- Alternative name: Habibullo Ergashev
- Born: 6 May 1999 (age 27) Fergana, Uzbekistan

Gymnastics career
- Discipline: Men's artistic gymnastics
- Country represented: Uzbekistan (2012–present)
- Head coach: Ravshanbek Mirzaev
- Medal record
Representing Uzbekistan
Asian Championships
| Silver medal – second place | 2024 Tashkent | Team |
Islamic Solidarity Games
| Silver medal – second place | 2021 Konya | Team |

= Khabibullo Ergashev =

Uzbekistani artistic gymnast

Khabibullo Khimayatullah Ergashev (born 6 May 1999) is an Uzbekistani artistic gymnast. He qualified to represent Uzbekistan at the 2024 Summer Olympics and finished 41st in the all-around during the qualification round. He won team silver medals at the 2024 Asian Championships and the 2021 Islamic Solidarity Games.

== Early life ==
Ergashev was born on 6 May 1999, in Fergana. He began gymnastics in 2005.

== Gymnastics career ==
Ergashev finished 22nd in the all-around at the 2019 Asian Championships. He then made his World Championships debut in Stuttgart and finished 116th in the all-around. He finished eighth in the pommel horse final at the 2021 Varna World Challenge Cup.

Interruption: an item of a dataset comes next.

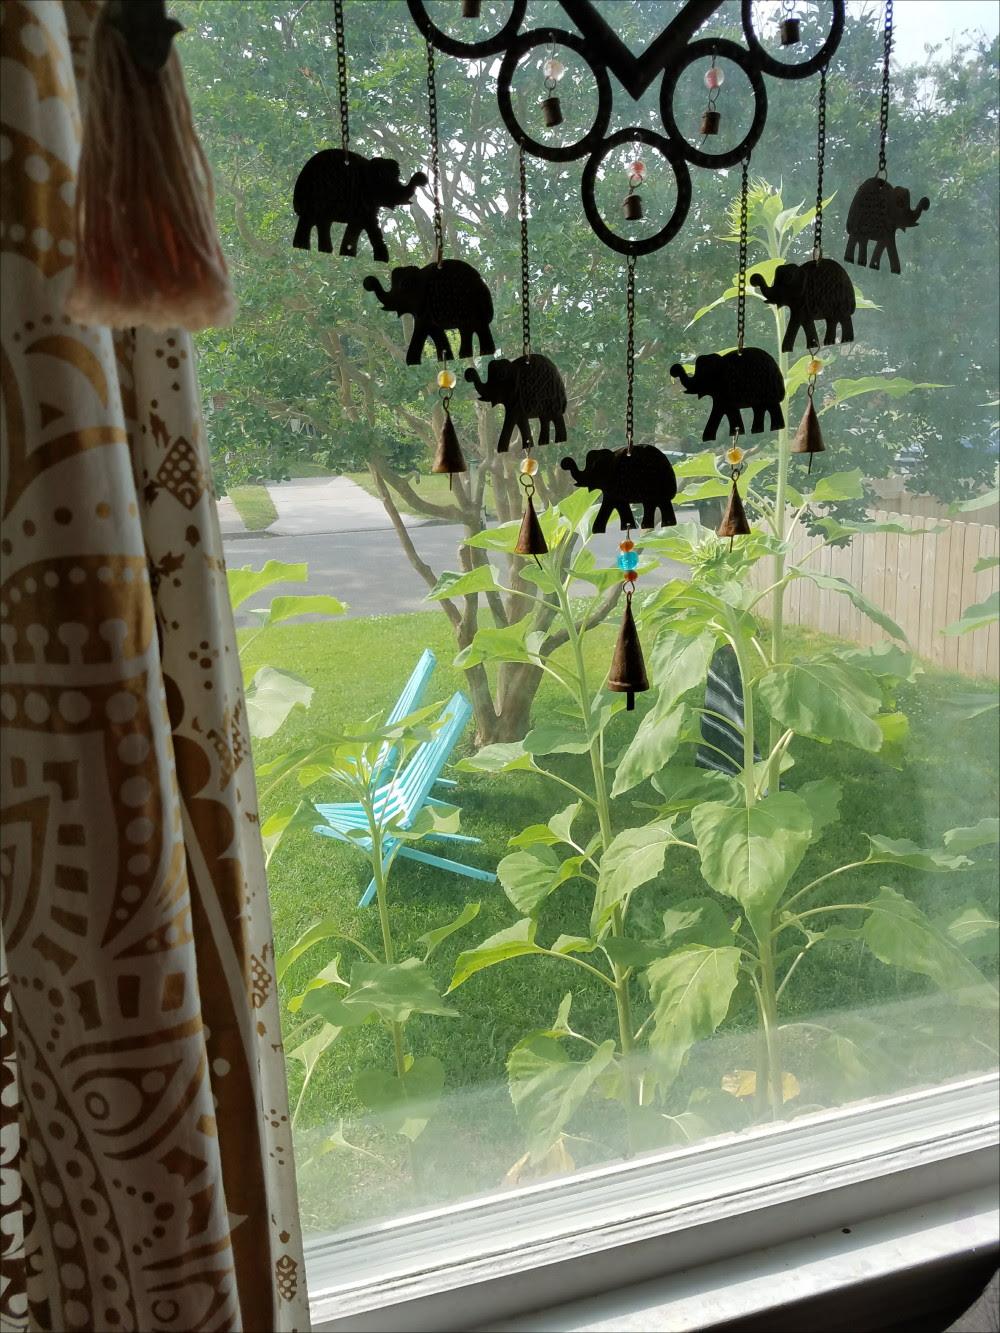 Looking put the window. Giant sunflowers, aqua yard chairs, elephant sunshine. - @adesignerathome

Ergashev finished fourth in the pommel horse final at the 2022 Doha World Cup. At the 2022 Asian Championships, he finished 14th in the all-around and sixth with the Uzbekistan team. He then competed at the Islamic Solidarity Games and won a silver medal alongside Rasuljon Abdurakhimov and Abdulla Azimov. In the event finals, he finished fifth on the parallel bars and horizontal bar, seventh on the pommel horse, and eighth on the rings. Then at the 2022 World Championships, he finished 45th in the all-around during the qualification round.

Ergashev competed at the 2023 Asian Championships and finished eighth in the all-around and seventh in the pommel horse final. At the 2023 World Championships, Ergashev finished 31st in the all-around during the qualification round. Initially, he was five placements away from qualifying for the all-around final. However, because more than five gymnasts withdrew from the final, Ergashev was called up to compete, and he finished 24th in the final.

Ergashev competed at the 2024 DTB Pokal Stuttgart and finished 12th with his team. He won a silver medal in the team event at the 2024 Asian Championships. He received a berth for the 2024 Olympic Games based on his all-around placement at the 2023 World Championships after France's host country spot was reallocated. Then at the Olympic Games, he finished 41st in the all-around during the qualification round.